I grew up in a home where there was a mother, a father and a brother. We went to church every Sunday and attended Sunday school. Our weekends were for homework, helping around the house and visiting our grandparents. During the school week we were allowed 2 hours for play before dinner. After dinner we had to take turns washing and drying the dishes for mom and then on to our homework. I was 6 years younger than my brother and we had a good relationship. He always helped me with my homework, even when he was in college I was able to call him and ask for his help. For helping me with my homework, I would clean up his room for him, and do some things that would help him out so he can go out with his friends. We both had friends and most of them did similar things that we did. There were others that made fun of us because we hardly got anytime to play, but we made do.
Our summers were always great as dad bought us a pool and always took 1 week vacation to take us somewhere. When we turned 13 we were able to bring a friend on vacation and that made the trip even more fun. As my brother got older, he started dating which took time away from "our time" but I was happy for him and he met a really nice girl and they including me once in a while in their plans like when the carnival was in town or a fair or something along those lines. When I got to high school I met a really nice black guy but was afraid of him because our parents always told us they were bad and to stay away from them. We didn't have any in our school so it was easy to do but high school was a different ball game.
My sophomore year I joined the high school band and had a blast and one of the nicest kids I knew was black. We got along and I wanted him to come to my house to practice. Before I did, I asked mom and dad and they refused to let me associate with him outside of school. I really liked him and I told him about my parents' rule and he never wanted any part of me ever. He was part of a group that hung out with my other friends but he ignored me and I always felt so uncomfortable but I didn't want to upset my parents.
My brother married his girlfriend and they moved into another city which wasn't far but I didn't see him as much. They had a beautiful baby girl and they brought her around a lot and I even offered to babysit for free so they didn't have to pay anyone and they could still go out. I graduated high school and a bunch of us went to the shore for a week and my black classmate was included. I didn't tell my parents about it because I knew they wouldn't let me go. The boys stayed in one room and we stayed in another. After our vacation I got a part time job that I was able to still hold when I started college. I went to a community college for my first two years until I got a car and then went of to Penn State.
I wanted to be a teacher in the beginning and then I wasn't sure. I didn't want my parents to pay for school so I saved to put myself through, but my grandparents set up college funds for me and my brother that I didn't know about. They also started bank accounts for us when we were born so we really had it made. Our parents never touched our money and they always made sure we were well dressed and took us regularly to the doctors, dentist, eye doctors, etc. to make sure we were always well. I loved them dearly but as I got older I wanted to find out why they hated black people so much.

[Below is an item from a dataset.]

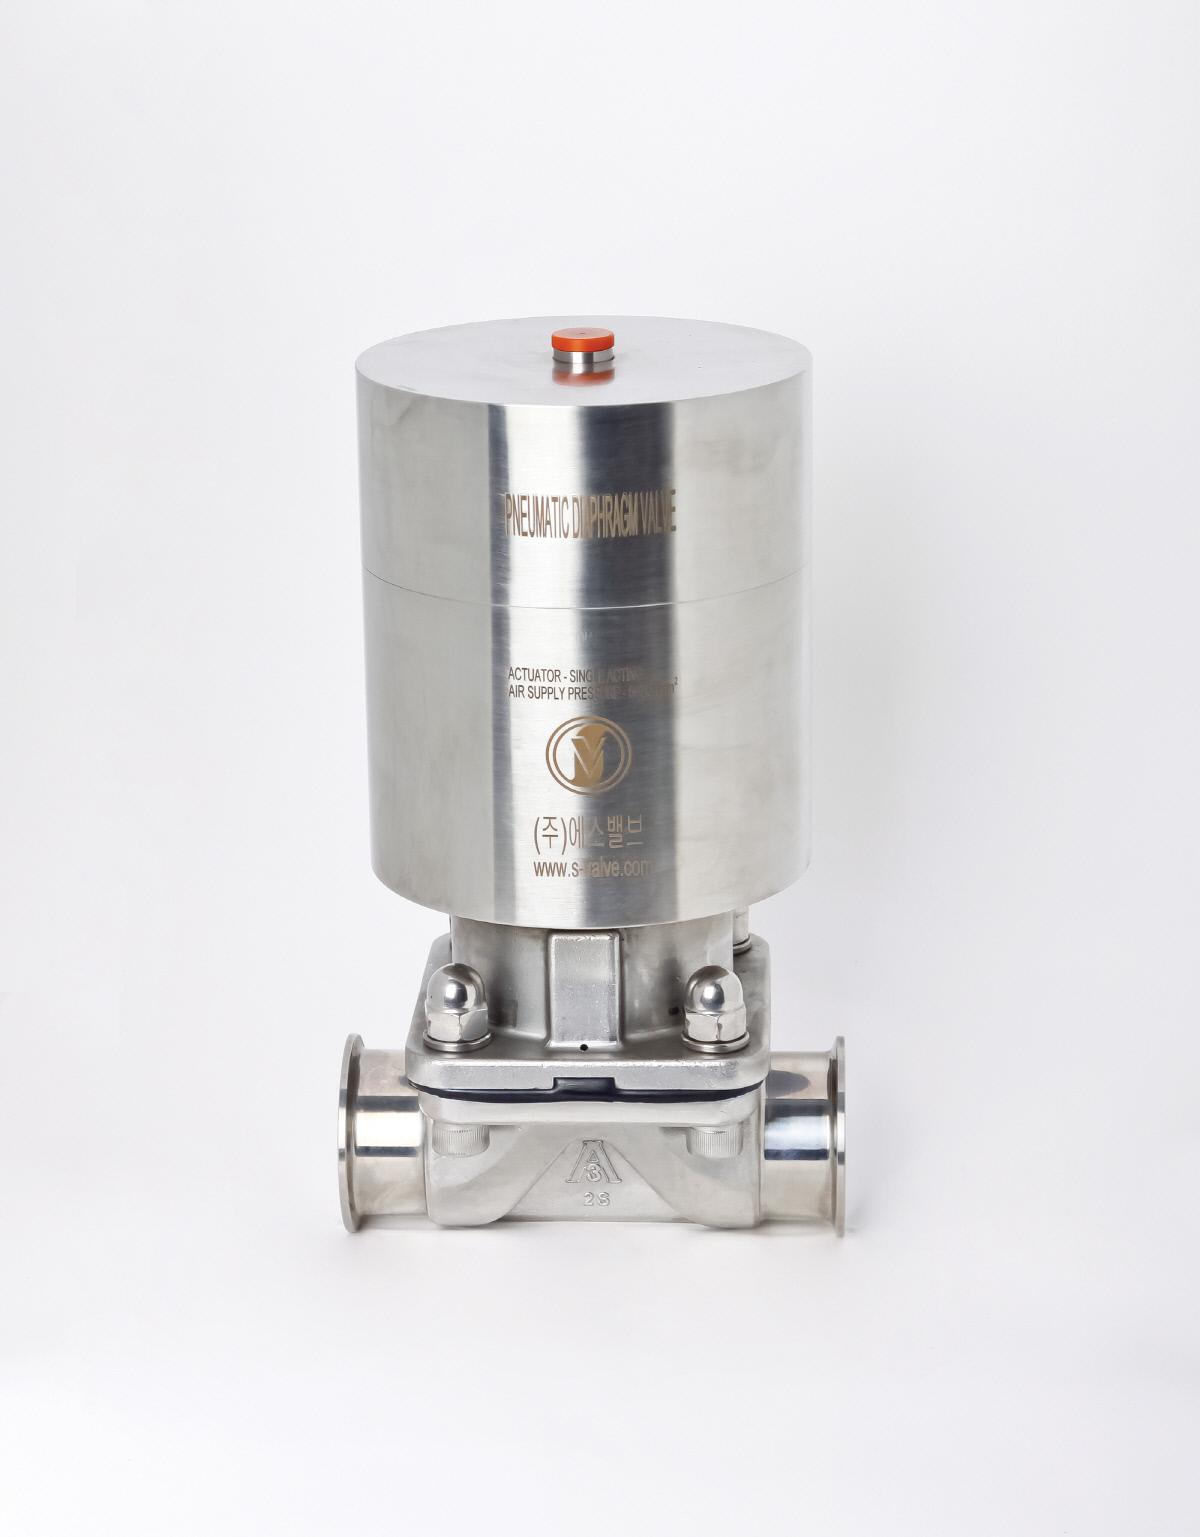 S-valve_0021.jpg

On one of my breaks from college, I sat down with my parents and asked them and they said because the rob and steal from people, they kill, they act funny and stupid and the list went on. My mother told me that black boys only want one thing from a girl and that was sex and that was forbidden in our house. I told them I thought that it was so cruel to say those things and the ones that I am attending school with were not like that at all. They told me to never bring it up again. I was confused and worried that I would never get to know them for who they are if I continued to listen to them. Not that I wanted to disrespect them, but I wanted to see for myself. I started being friendly with some of the girls and guys and we hung on and there was really nothing bad about them at all. I kept thinking about my friend from school and looking him up so I did. I was shocked to find out that he moved away and no one has heard from him since. I really liked him a lot and in fact when I think about it, he was really cute.